● **Task**
Copy out the whole listing exactly as given. Skip the pictures.

● **Given data**
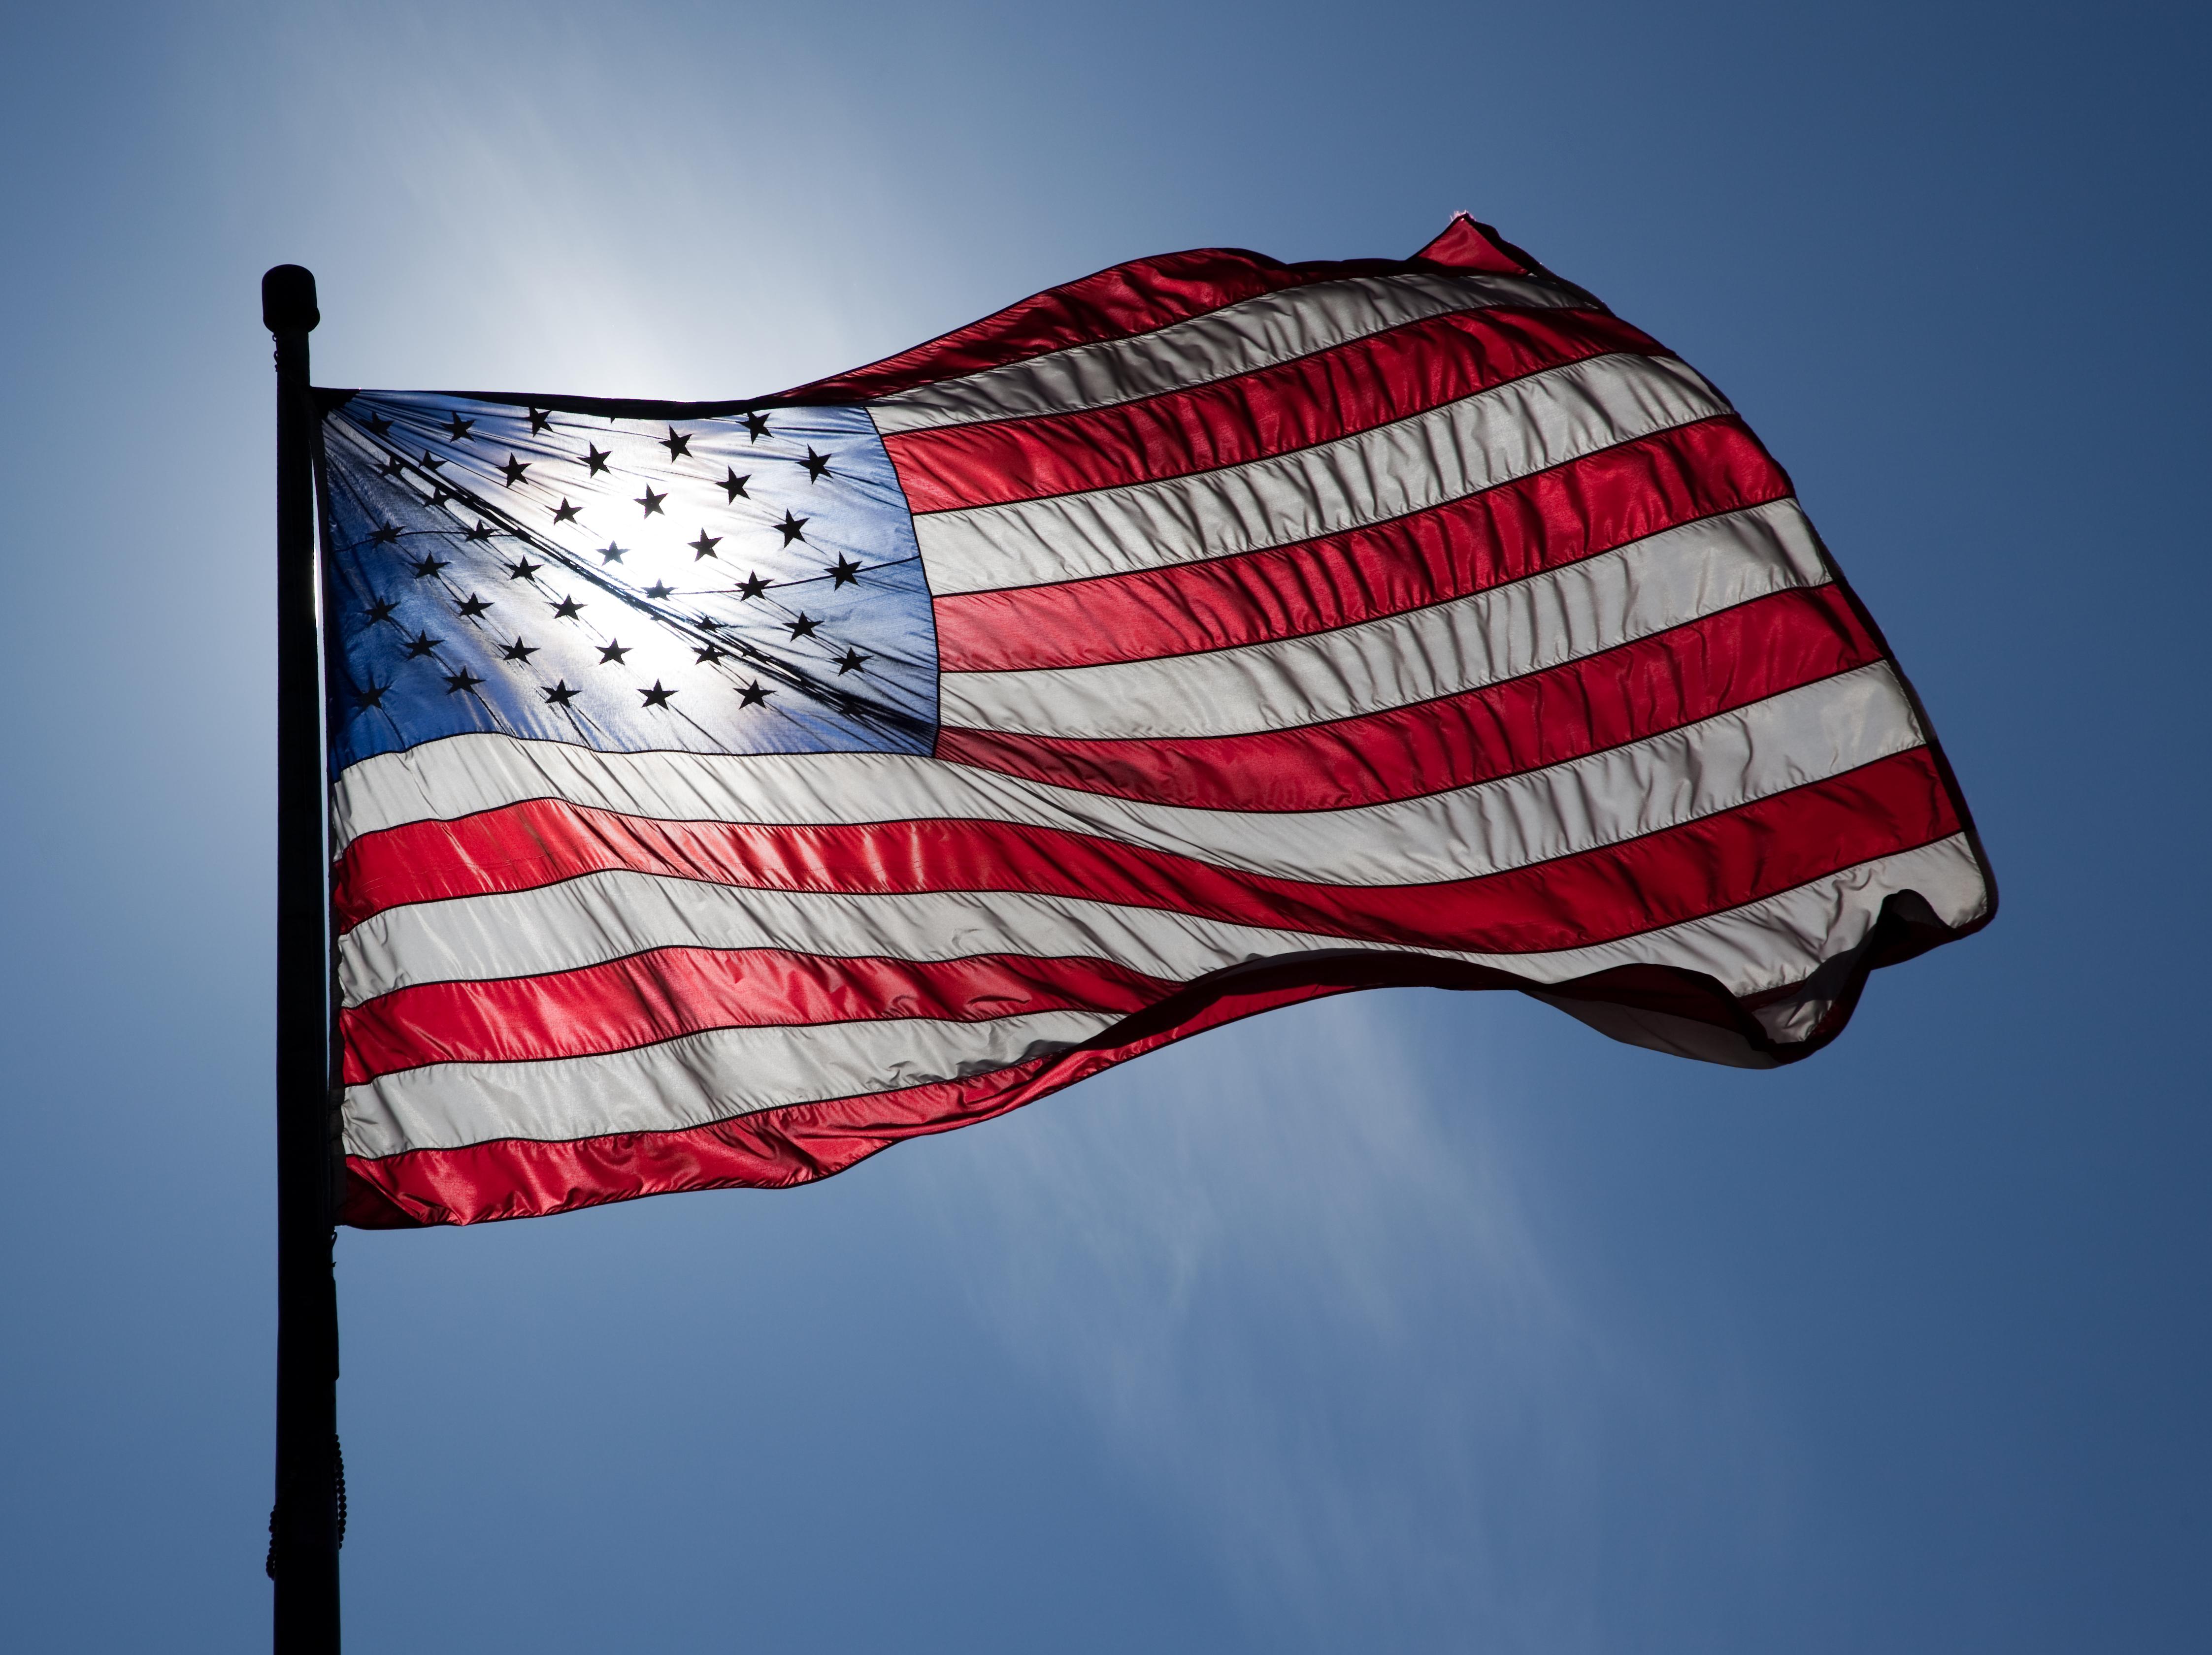 America Wallpaper download american flag hd 4k wallpapers in 2048x1152 screen resolution
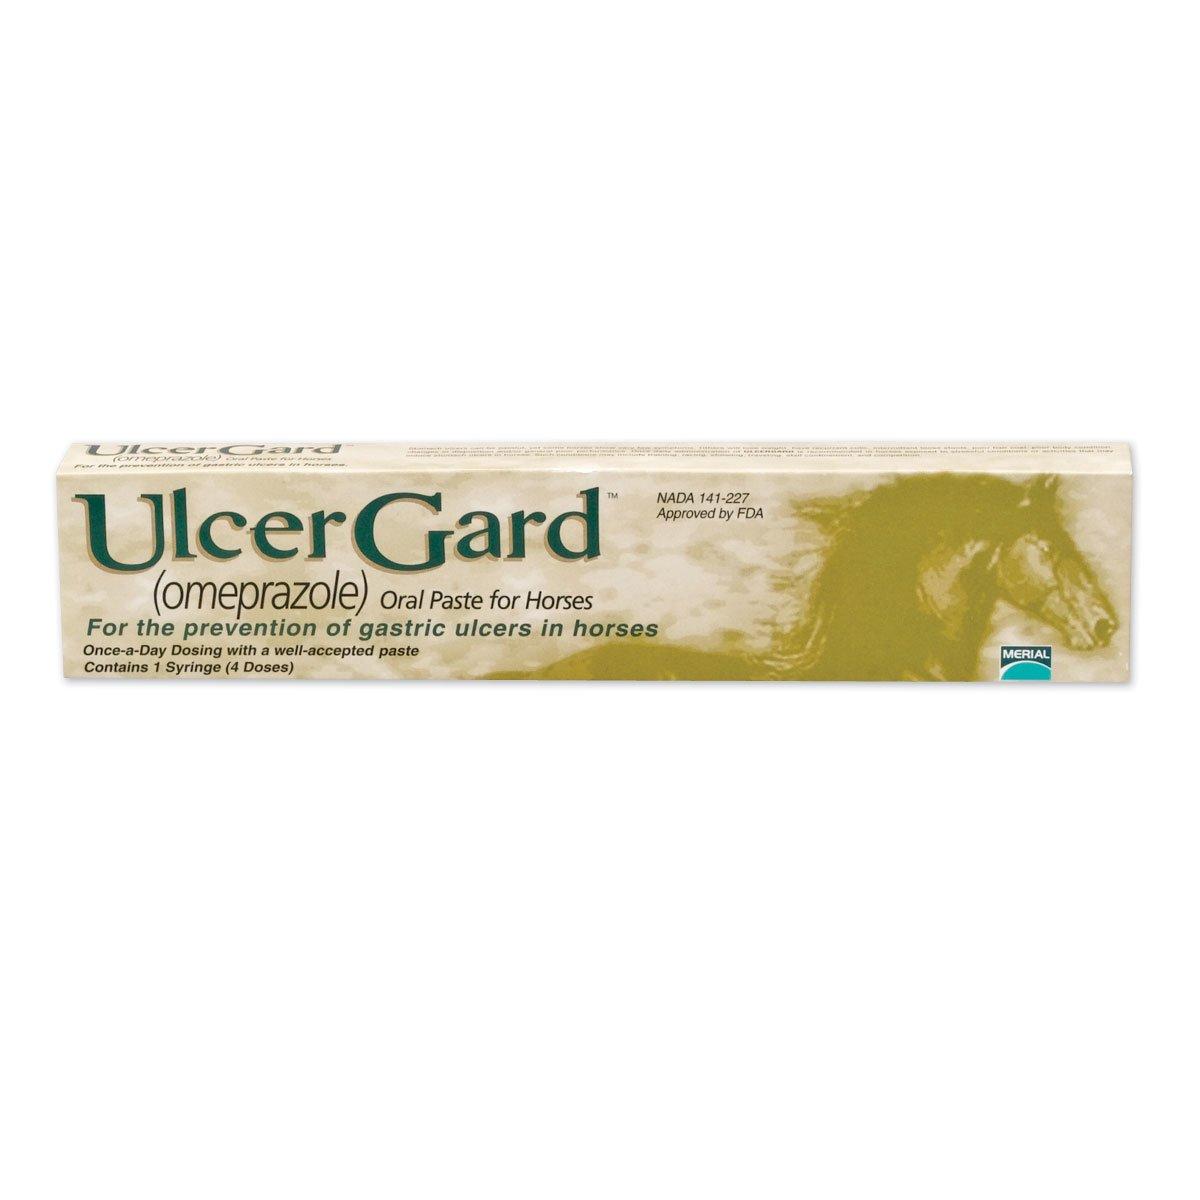 Merial UlcerGard (Omeprazole 2.28gm) Oral Paste by Merial (Image #1)
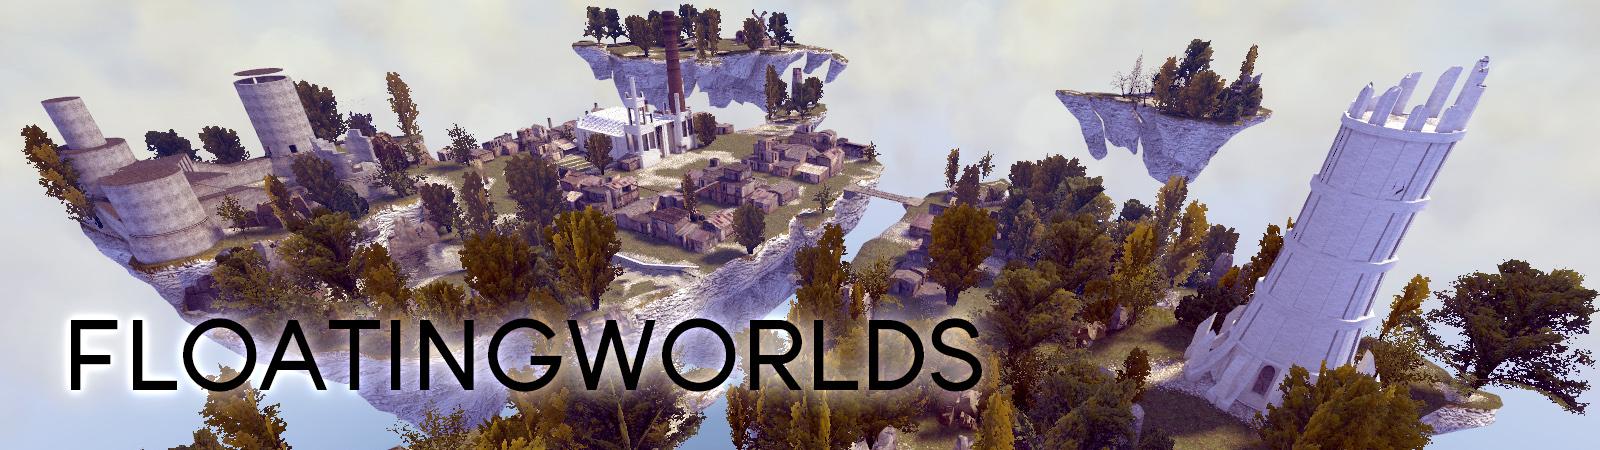 Floatingworlds
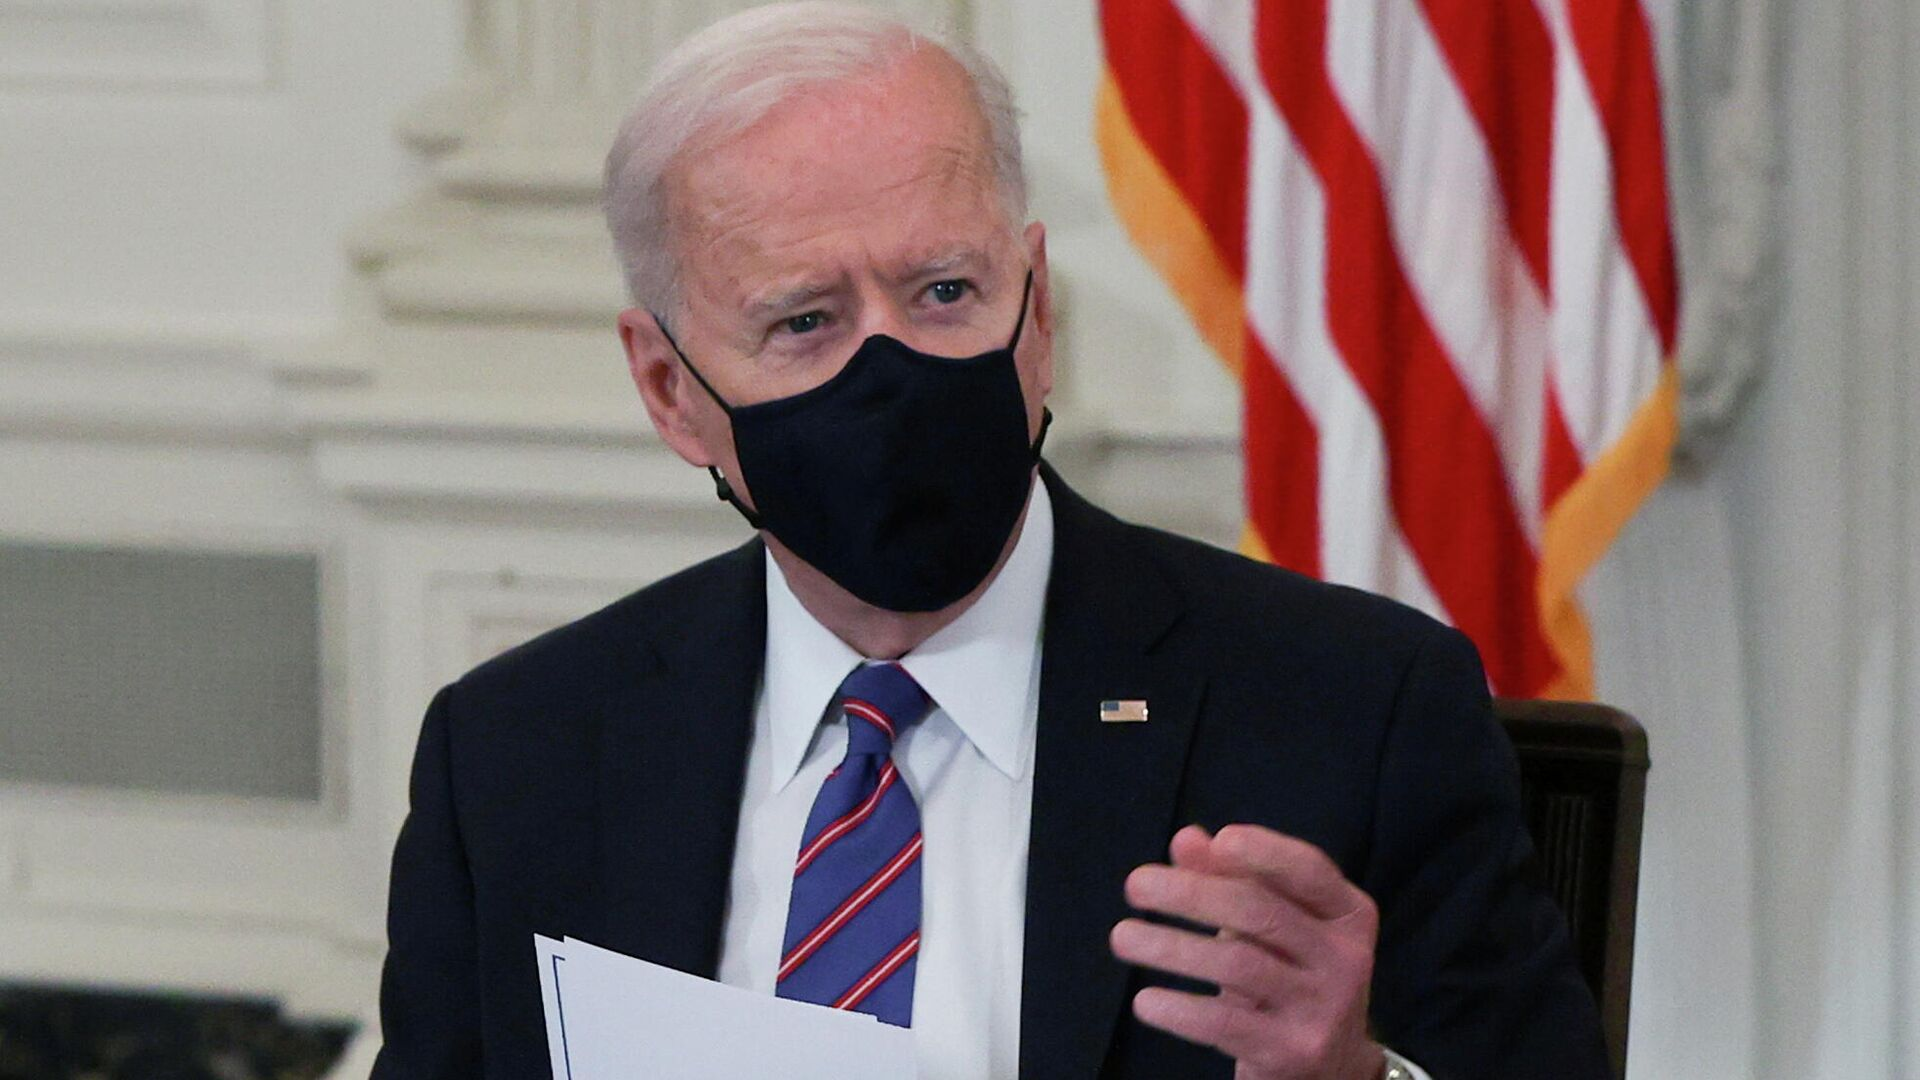 Joe Biden, presidente de EEUU - Sputnik Mundo, 1920, 24.03.2021

● **Written response**
 America Wallpaper download american flag hd 4k wallpapers in 2048x1152 screen resolution
 Merial UlcerGard (Omeprazole 2.28gm) Oral Paste by Merial (Image #1)
 Floatingworlds
 Joe Biden, presidente de EEUU - Sputnik Mundo, 1920, 24.03.2021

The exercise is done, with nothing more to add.